■ **Data**:

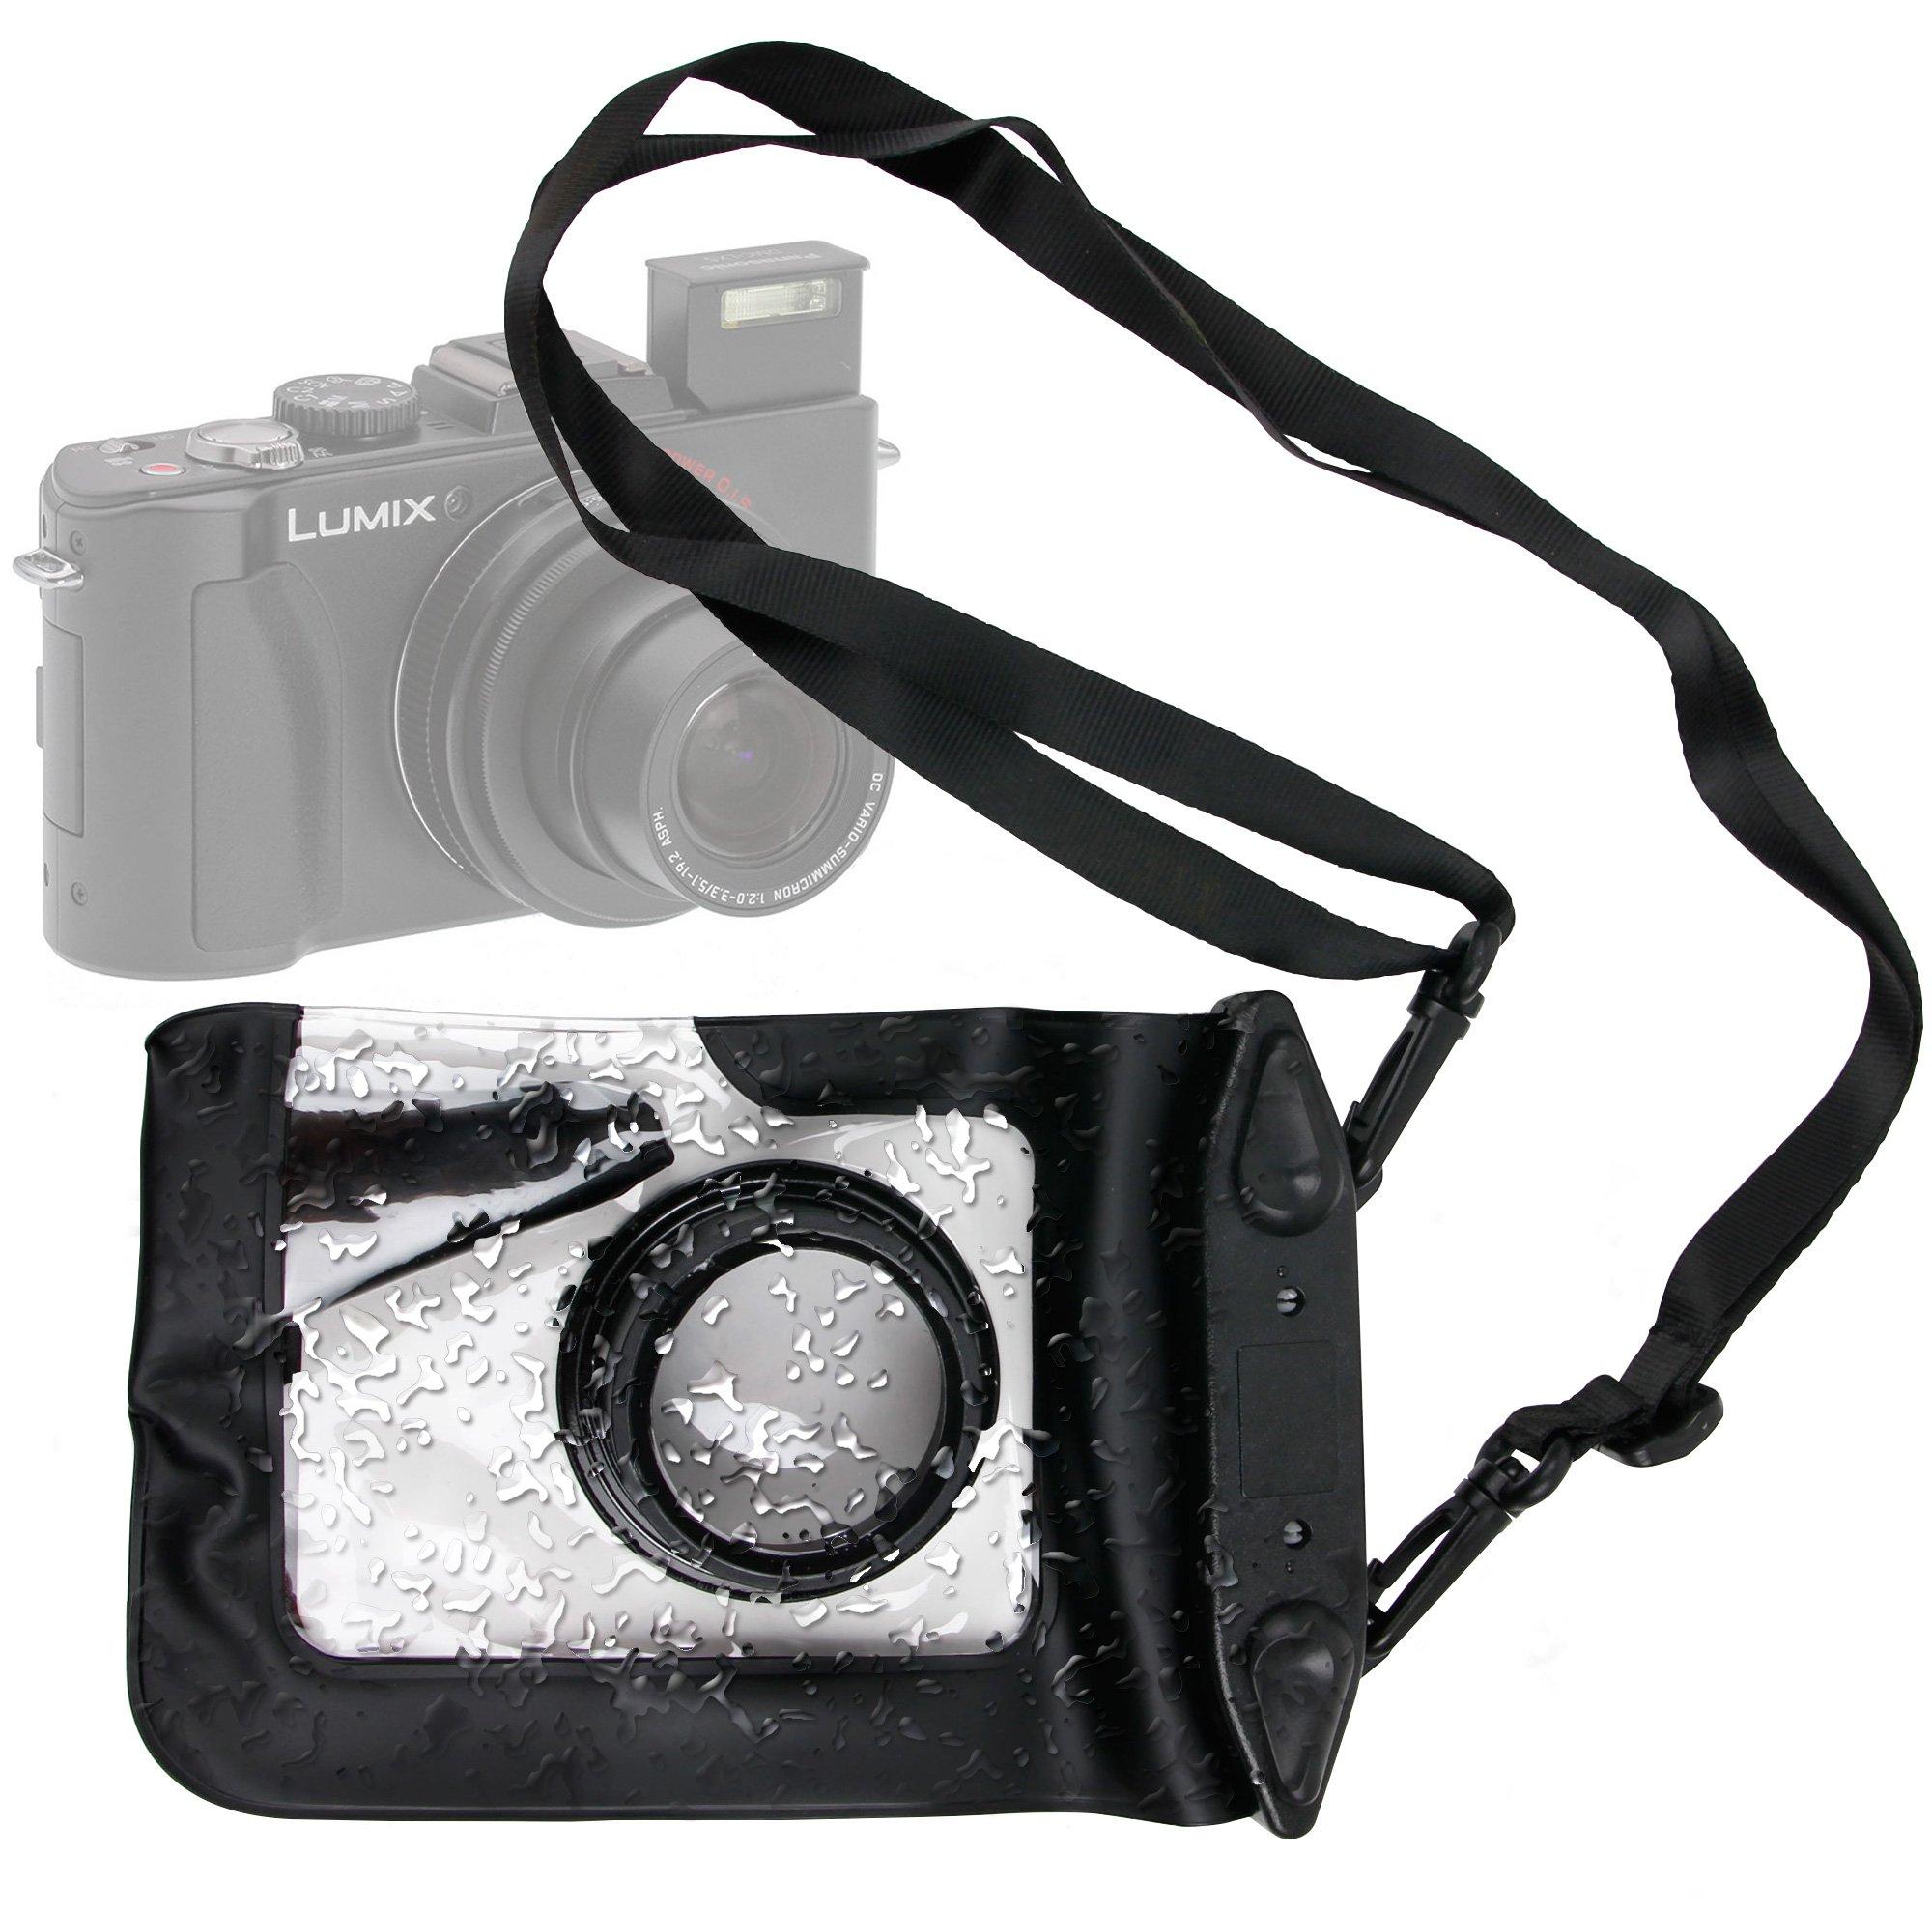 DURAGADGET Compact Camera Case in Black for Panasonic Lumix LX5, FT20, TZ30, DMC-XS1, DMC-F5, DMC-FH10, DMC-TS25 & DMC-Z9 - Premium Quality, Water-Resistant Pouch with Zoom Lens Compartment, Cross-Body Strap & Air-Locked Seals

* * *

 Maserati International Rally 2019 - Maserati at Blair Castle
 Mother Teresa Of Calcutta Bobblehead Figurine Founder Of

■ **Task prompt**: Once the line with "Maserati International Rally" is found in the records above, print exactly that line and every line after it through the line with "Mother Teresa Of".

■ **Exercise response**:
 Maserati International Rally 2019 - Maserati at Blair Castle
 Mother Teresa Of Calcutta Bobblehead Figurine Founder Of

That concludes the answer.